Liz Claiborne (NYSE:LIZ)
Historical Stock Chart
5 Years : From May 2012 to May 2017
NEW YORK (Dow Jones)--Liz Claiborne Inc. (LIZ) has hired turnaround firm Alvarez & Marsal Inc., to help the ailing women's apparel retailer repair its operations.
Alvarez & Marsal is looking into improving the retailer's working capital, said Steven Cohn, managing director at Alvarez & Marsal, who is overseeing the effort.
Alvarez & Marsal is "reviewing receivables, payables, that sort of thing," Cohn said. "We're seeing if we can help them improve collections and inventories."
Cohn said the assignment is expected to be a "short term" one.
Raymond Felton, who focuses on securities law as chairman of the corporate practice at Greenbaum, Rowe, Smith & Davis in Woodbridge, N.J., has no direct knowledge of the circumstances at Liz Claiborne. In a general observation, he noted that hiring a restructuring firm "not infrequently is the first step towards a bankruptcy filing."
Liz Claiborne is up against a tough economic environment while carrying a heavy debt load. It is under pressure to return to profitability and generate greater cash or run afoul of the lending agreement affecting its up to $600 million revolving credit facility, said Chris Chaice, analyst at Covenant Review, a fixed-income research firm.

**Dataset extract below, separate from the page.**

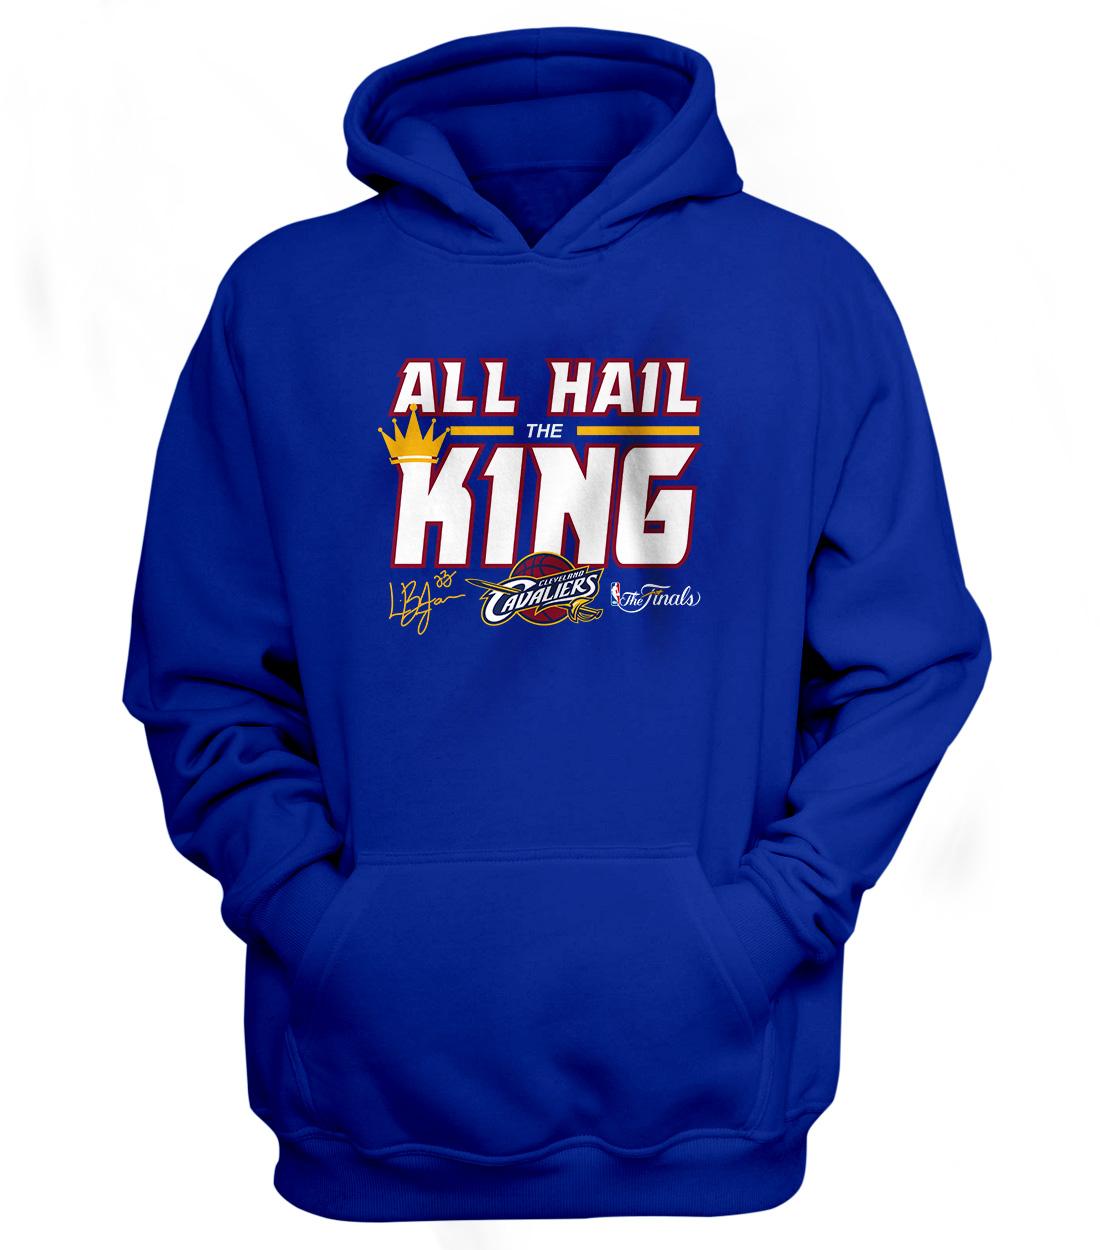 Cleveland Cavaliers 'All Hail The King' Hoodie (HD-BLU-56-PLYR-CLE-ALL.HAIL)

If Liz Claiborne does not return to profitability sometime next year, the company does not expect to be in compliance with the loan's terms, according to its latest 10-Q.
This could trigger all sorts of repercussions including the lenders asking for the money back immediately, or cutting Liz off from further tapping the line, the 10-Q states.
Liz Claiborne has been successful at renegotiating this line twice so far this year, but there is no telling if its lenders are running out of patience.
If Liz Claiborne does not come to terms with its lenders in regard to this loan, and if it does default, the lenders could ask for their money back and this could cause a domino effect, giving the holders of other Liz Claiborne debt the right to call in their bonds, Chaice said.
Alvarez & Marsal's Web site says the firm specializes in turnaround management, corporate restructuring and performance improvement for companies and stakeholders.
Liz Claiborne has been struggling throughout the recession because of the poor economy and its own missteps.
In early August, the company posted a wider second-quarter loss on falling revenue and flat margins, and some analysts said it will be tough for Liz Claiborne to turn around its business quickly.
On the heels of that loss, the company said it plans $100 million in cuts and is looking at shifting its relationships with department stores, which have been ordering less of its apparel.
A recovery won't come right away; Liz still expects comparable-stores sales to drop 15% to 25% in the third quarter and the fourth quarter's performance is up in the air. Liz Claiborne executives have said the company has enough money right now and expects to continue paying down debt this year.
After the second-quarter loss, Standard & Poor's Ratings Services cut its credit ratings on Liz Claiborne deeper into junk territory and warned that the apparel maker could violate certain debt covenants if it isn't successful in turning around it operations.
The ratings cut from S&P came less than a week after Moody's lowered its credit rating on the owner of such brands as Lucky, Juicy Couture, Kate Spade and the Isaac Mizrahi-designed Liz namesake line.